During this record rise in stock prices, fixed-income markets, while selling off early in 2021, regained some composure mid-year and stayed relatively steady into year-end. In late November 2021, on the news of the new omicron variant of COVID-19, there was a flight to quality and as a result yields on bonds fell once again. The 10-year U.S. Treasury opened 2021 at a yield of 0.91%, hit a high of 1.74% in March and then closed the year at 1.51%. While not a year for strong bond returns, for the few occasions in 2021 when risk assets sold off, it was important that smart investors held anchor positions in risk management assets like bonds. 

Economy and Outlook
The Fed successfully orchestrated a recovery from the pandemic-induced recession of 2020, which gave consumers the confidence to spend on everything from leisure activities to new homes and renovations to existing homes. While inflation became a concern along with supply chains disruptions, labor markets were hot all year and unemployment slowly fell to 4.2% as hiring continued across all sectors of the economy. The omicron variant could have some impact on the future hiring process and worker’s willingness to return to work. However, the strength and virulent activity of this strain has proven weaker than previous variants. Further, it seems logical to assume that as the strains expand and mutate, they get weaker and eventually the pandemic becomes an endemic. 

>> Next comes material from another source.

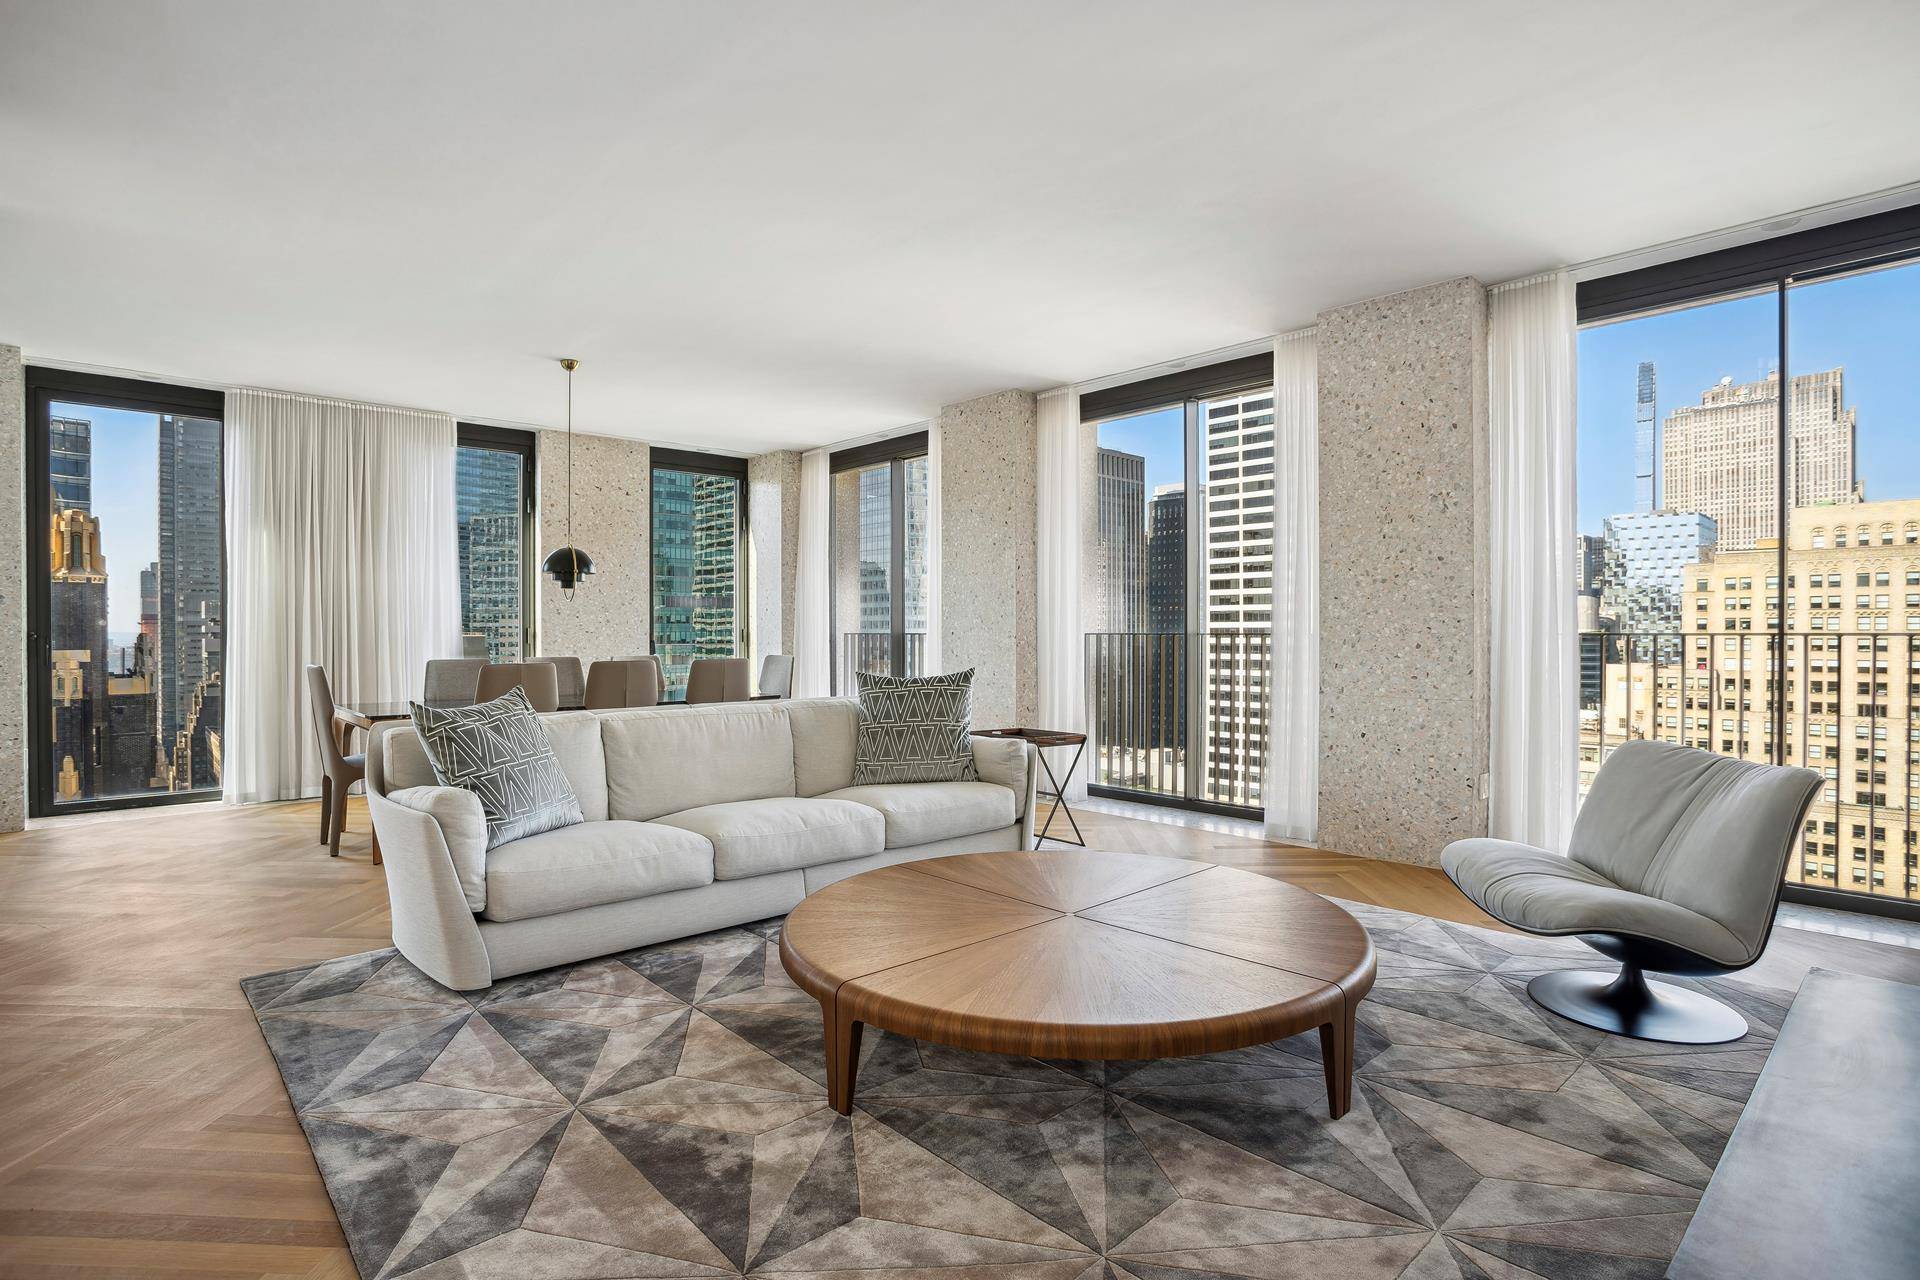 Sun flooded, high floor Condo, with an expansive layout, skyline views and over looking Bryant Park.

As we look to 2022, there are headwinds and tailwinds to consider. While monetary stimulus will slowly get removed as the Fed reduces its bond buying and then moves to higher interest rates, fiscal stimulus could continue in the form of big policy spending like the Biden-proposed $1.8 trillion Build Back Better Bill. The consumer starts the year in excellent financial shape bolstered by strong increases in savings accounts and limited spending in 2021. Corporate balance sheets are also in excellent shape allowing firms to boost wages and hiring but supply chain disruptions and drastic increases in raw material costs pose dilemmas for corporate CEOs. Wall Street economists are modestly optimistic on 2022 with growth estimates for U.S. GDP averaging +3.0% which certainly provides a solid base that supports the continuation of the bull market. 

An issue to keep in perspective is inflation and whether current elevated inflation levels remain in place or prove to be transitory and temporary. The Fed has committed to focus on inflation and will take the relatively high inflation numbers seriously as they consider future monetary policy. Recall that the Fed operates under a dual mandate of price stability and full employment. We are clearly in the camp that the U.S. economy and corporate America will continue to recover as we move into the post-pandemic period. The omicron variant worries us, but its impact seems less so that previous strains. Overall, the economy and the markets are headed in the correct direction, but we are moving into a period where fiscal and monetary stimulus will be waning, and markets will take some time to digest that significant change.